Figure 1: Architecture of a JavaServer Faces Component that Renders Client-Side AJAX JavaScript and Processes AJAX Requests
The following steps explain the architecture illustrated in Figure 1:
The remainder of this section provides further details on how this strategy works.
In Figure 1, the page called Enter Address Page is a JavaServer Faces page. This page contains a tag that represents the AutocompleteTextField component, which is a JavaServer Faces component. This component renders two things: an HTML text field, into which the user enters the name of a city, and the necessary client-side JavaScript AJAX code that fetches possible city names from a server-side managed bean. This managed bean contains a method that implements the algorithm for completing city names.
To add the AJAX-enabled component to the application, the page author need only include the following tag in the page:
<ajaxTags:completionField size="40" id="cityField"
completionMethod="#{AutoCompleteTextfield.completeCity}"
value="#{SessionBean.city}" required="true"
/>
Code Example 1: Declaring an AJAX-enabled JavaServer Faces Component in a JavaServer Faces page
TheAutoCompleteTextFieldTag tag handler implements the ajaxTags:completionField tag, which is rendered to HTML by the renderer, AutoCompleteTextFieldRenderer. The first time the component is encountered in the page, AutoCompleteTextFieldRenderer renders a reference to external JavaScript code, as shown in this HTML fragment:
<script type="text/javascript" src="faces/autocomplete-script">
Code Example 2: Rendered HTML that references JavaScript to be returned by RenderPhaseListener
When the reference to the external script file is reached, the browser makes a request to the URL, faces/autocomplete-script. The request first goes to the FacesServlet instance and is then received by the RenderPhaseListener instance, which returns the client-side JavaScript relevant to the AJAX interactions of the component. In the case of this example, the component.js file is included with the component and returned using the class loader. Bundling the relevant JavaScript code with the component is a good practice because it keeps the script and component close to each other but keeps the JavaScript out of the component code. The AJAX client-side JavaScript contains the XMLHttpRequest callback method, which includes the event mappings to the form elements rendered by AutoCompleteTextFieldRenderer.

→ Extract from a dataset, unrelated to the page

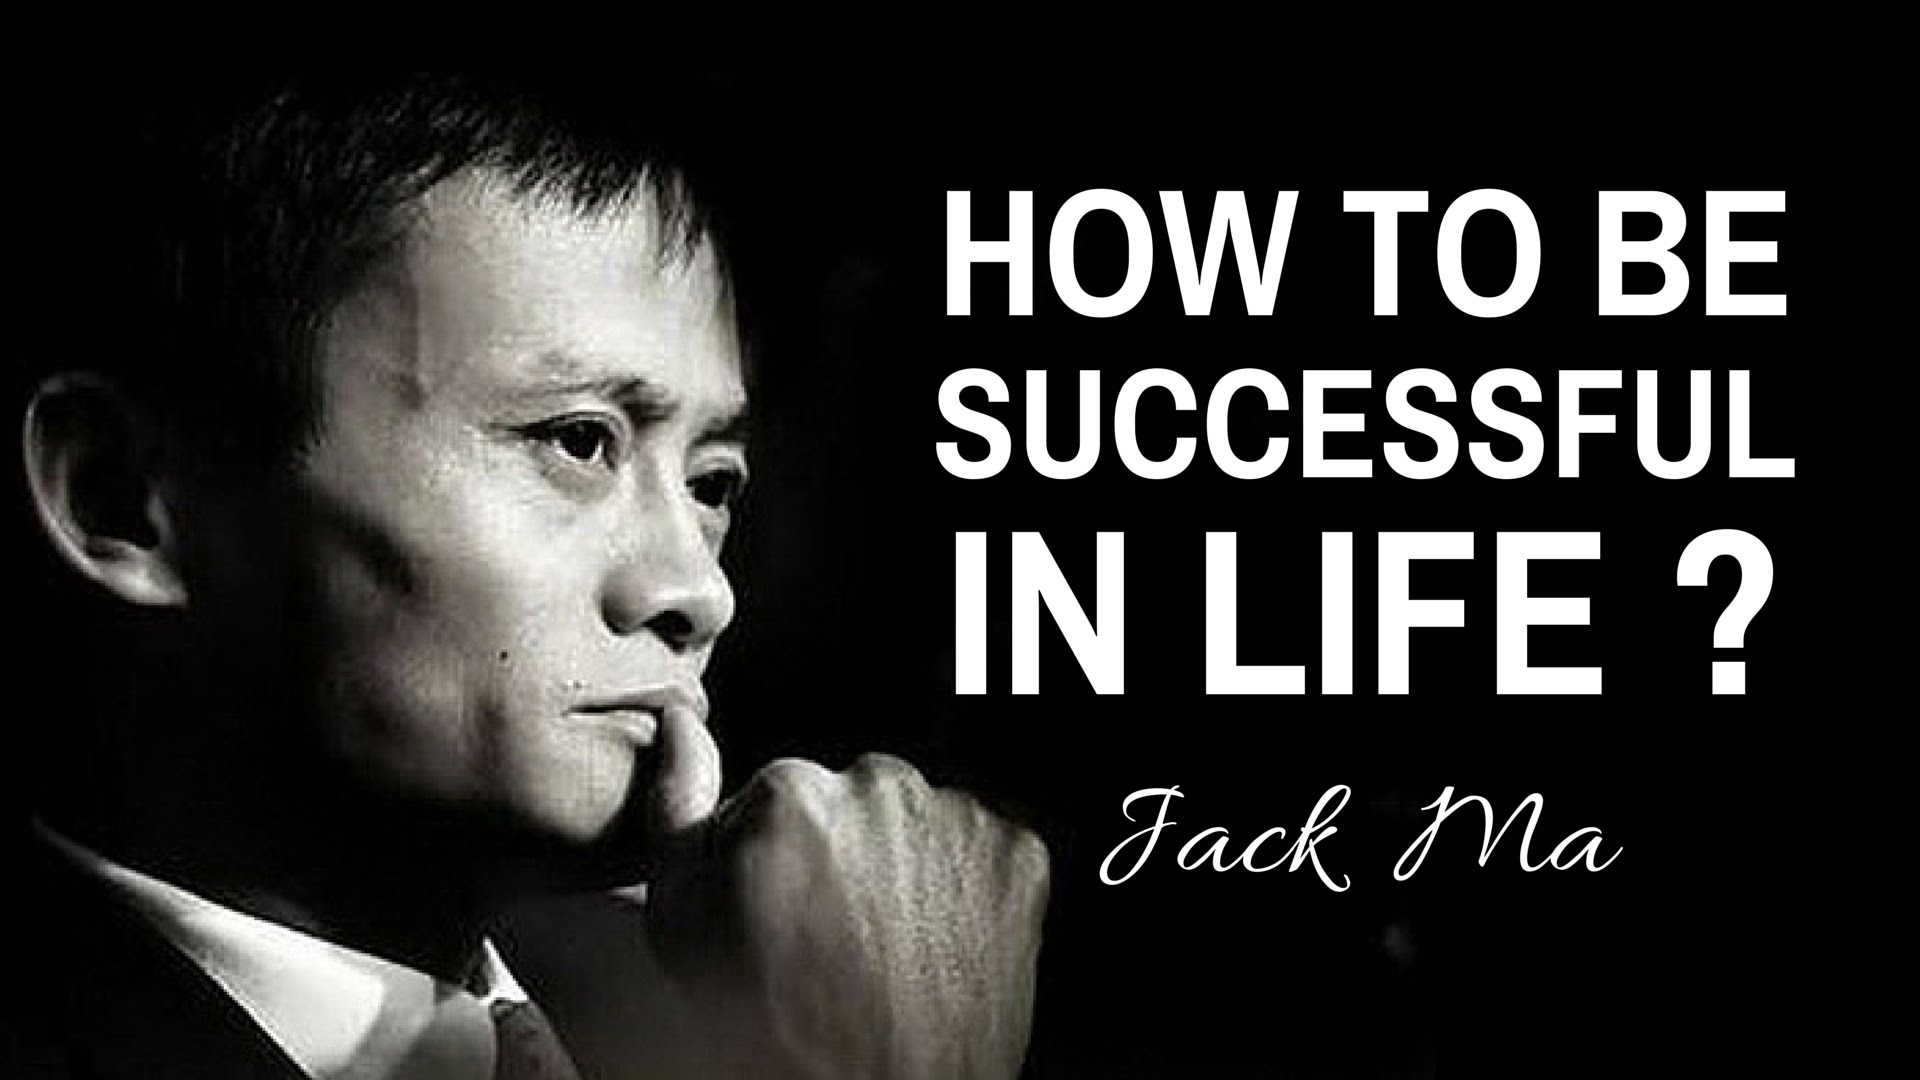 Jack Ma S Speech On How To Be Successful Is Inspiring

When the target onkeypress event is encountered in the City form field, the client-side XMLHttpRequest object makes a HTTP GET call with the partial text input from the field to the FacesServlet instance, which in turn calls the RenderPhaseListener instance. The RenderPhaseListener instance looks up the AutoCompleteTextField component and gets a set of city names that match partial text input. For example, if the user entered "San" into the field, the component would fetch the set of city names that start with the string "San".
At this point, the RenderPhaseListener instance can access the view state associated with the page if it is needed to process the interaction. When processing AJAX requests with JavaServer Faces components, a developer can treat each AJAX request as a new request by using simple HTTP GET calls. In this case, every request is a new Faces request. Or the developer can use POST calls, which give access to the view state associated with the JavaServer Faces page. Strategy 1A provides further details on using POST calls to access view state. When using AJAX GET requests with JavaServer Faces technology, a developer has access to managed bean components and has the ability to evaluate expressions but does not have access to the view state.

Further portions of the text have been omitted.